🇪🇸 Spain · Family: El Bocadillo y la Mesa · Region: Catalonia/Valencia · Heat: Baked · Bread: coca · Proteins: anchovy
The coca is the flatbread of Catalonia and Valencia, and it sits in this catalog as a carrier rather than a closed sandwich: a thin baked base that takes toppings the way a bocadillo takes a filling. It can be sweet or savoury, but the savoury coca is the one that belongs here, dressed across its surface with vegetables, sardines, or embutidos and eaten in slices off the board. Unlike a split loaf, the coca carries everything on one open face, so it behaves like an open-faced sandwich whose qualities are set by how thin and well-baked the base is and how the topping is distributed.

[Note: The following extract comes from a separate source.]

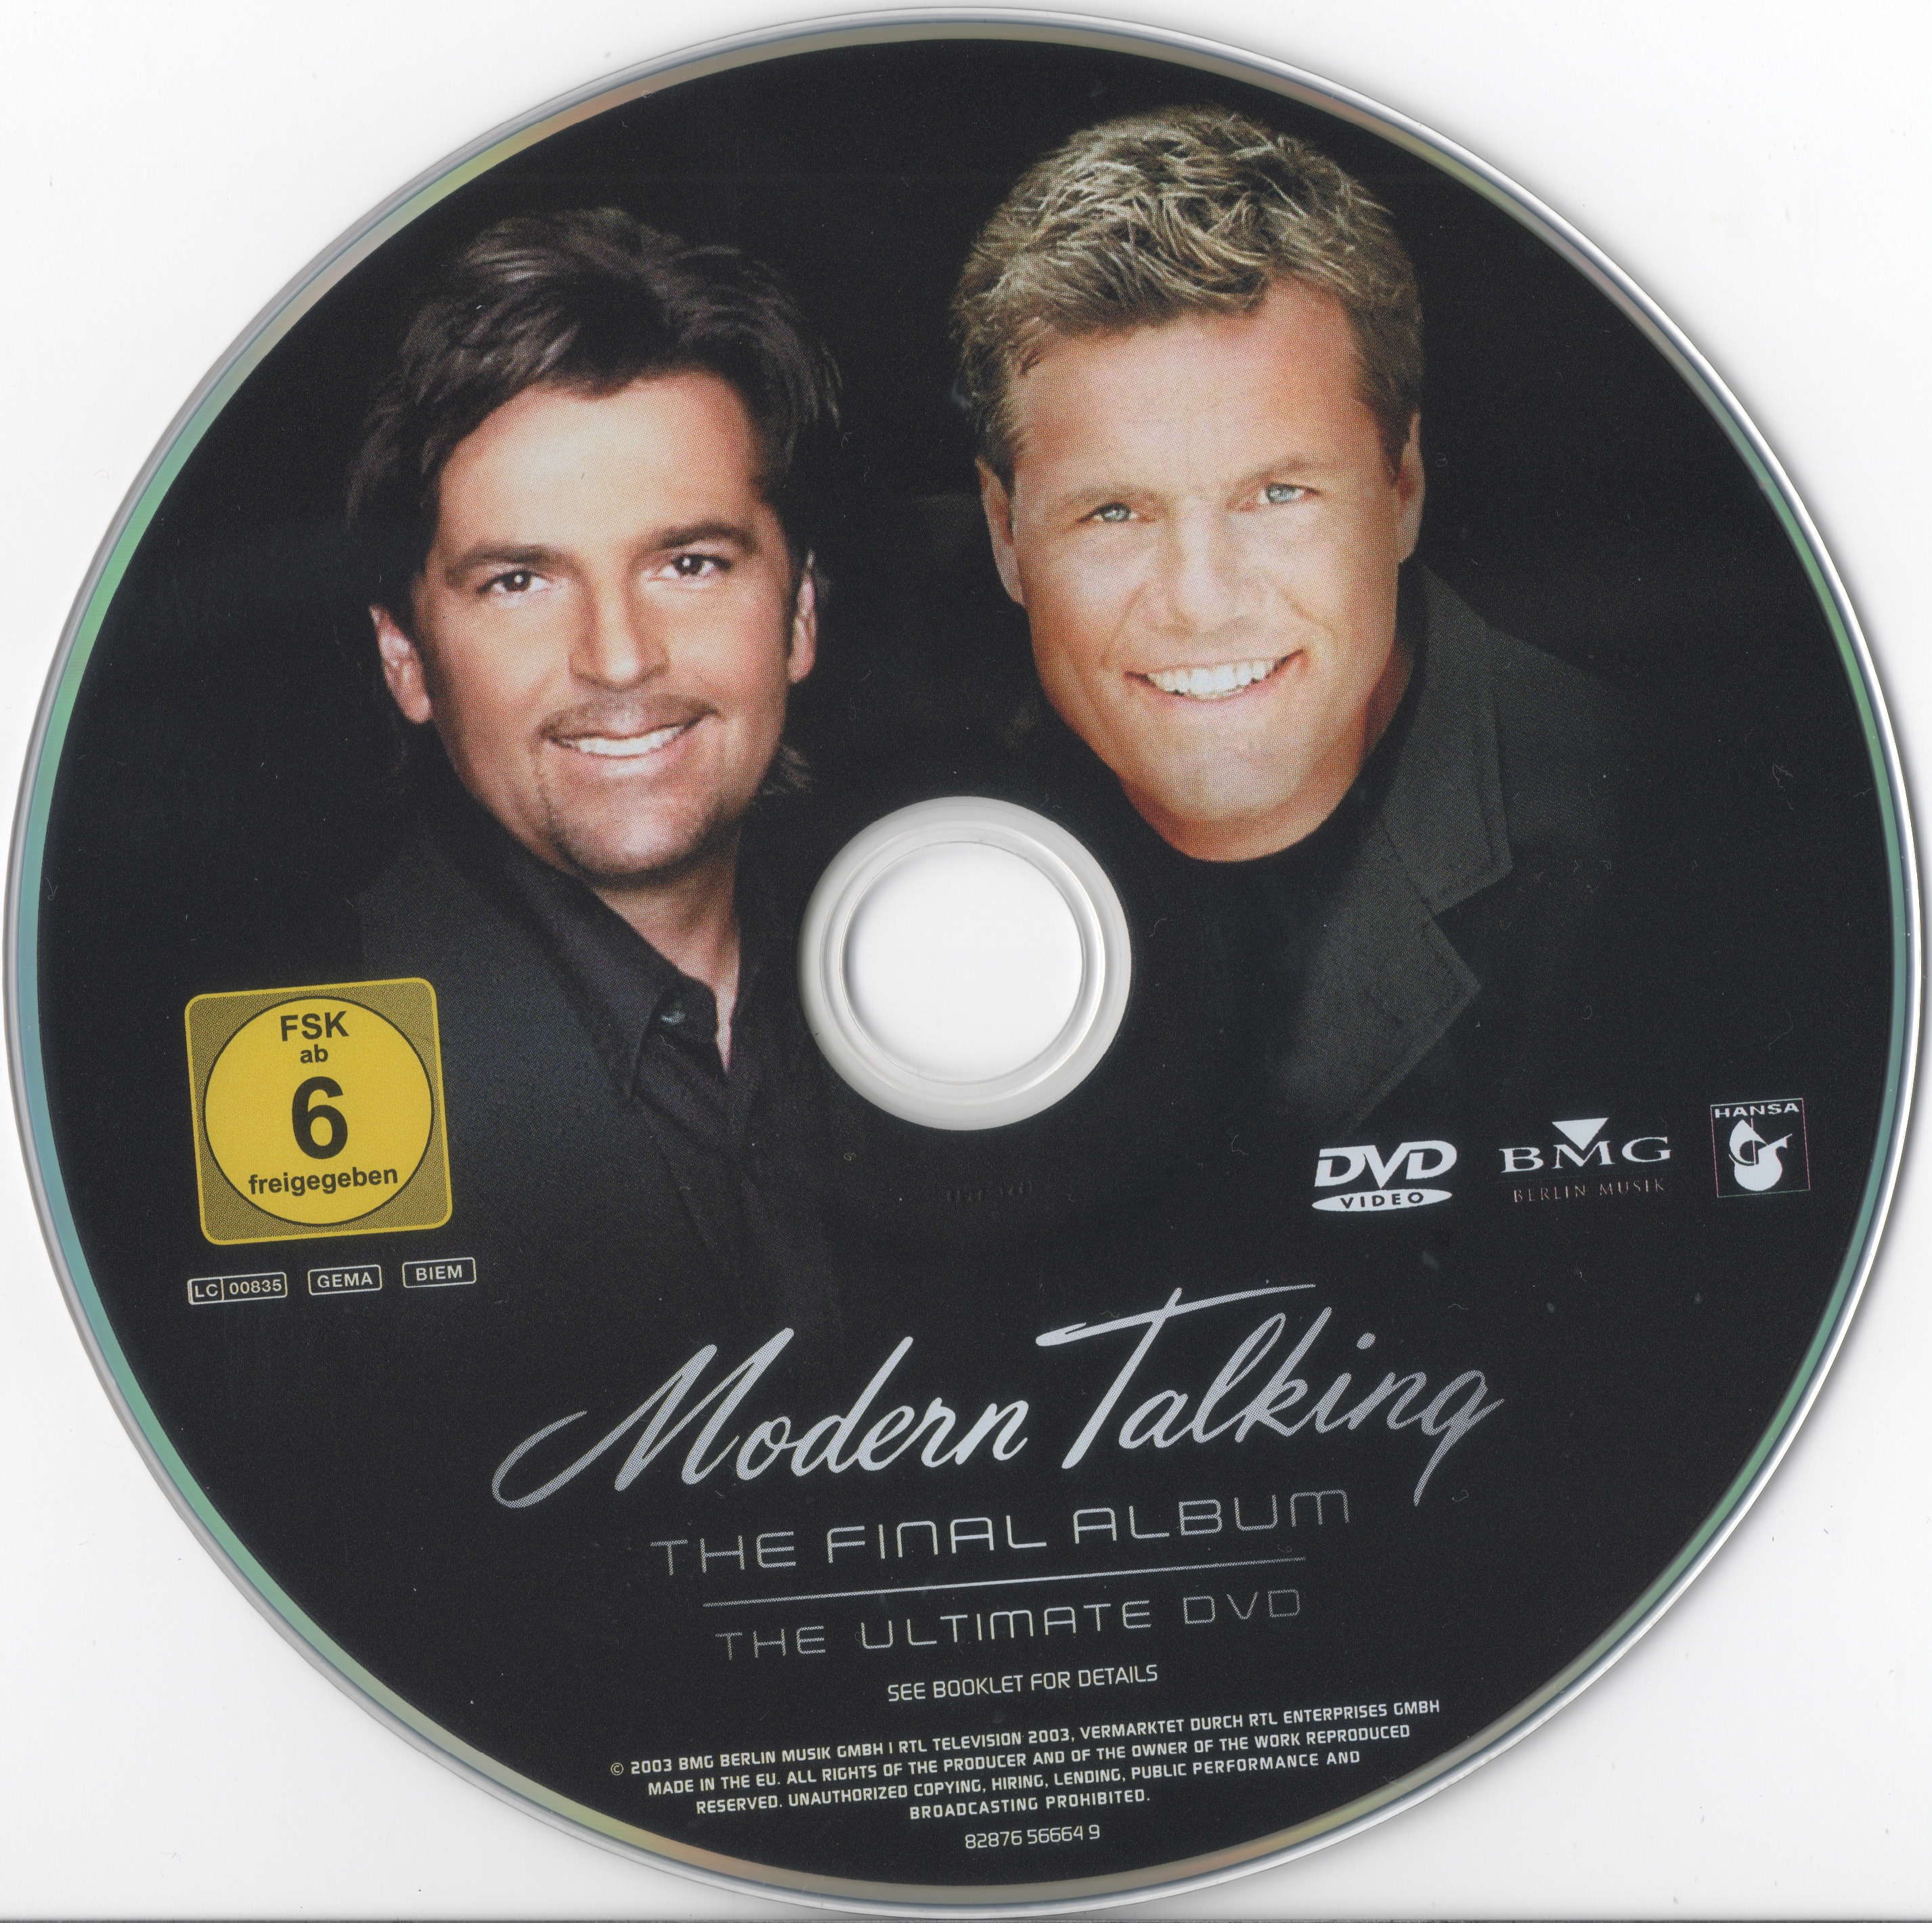 Модерн токинг мп3 лучшее. Modern talking 1985 CD. Группа Modern talking 2003. Modern talking CD обложки. Modern talking the 1st album 1985.

The construction is a topped flat base, and the discipline is in the proportions. A lean dough is rolled or pressed out long and thin, the savoury versions usually brushed with olive oil, then the topping is spread the full length and width so the surface is covered edge to edge rather than mounded in the middle. It bakes hot until the base is crisp and the topping is set or lightly caramelised, and it is cut into rectangular pieces to eat. Good execution keeps the base thin and properly crisp so it stays firm under its topping, dresses it generously but evenly, and lets the olive oil and the topping carry the flavour. Sloppy execution is a thick, bready, under-baked base that goes soft, a topping skewed to one end with bare dough at the other, or so heavy a load that the slice flops and the crust never crisps. The base is the bread, and a damp or doughy one cannot be rescued by what sits on top.
The variations are wide because the topping is open. Roasted vegetables, sardines or anchovies, sliced embutidos, onion, and peppers all appear, alone or combined, and the sweet coca dressed with sugar and pine nuts is a different dish entirely. The escalivada-topped form, the coca de recapte, is specific enough that it deserves its own article rather than being crowded in here, as does the question of the plain undressed base itself, the coca bread, which is treated separately. The coca in its savoury form is the open flat carrier of the eastern Mediterranean coast: judge it on a base baked thin and crisp and a topping that runs to every edge.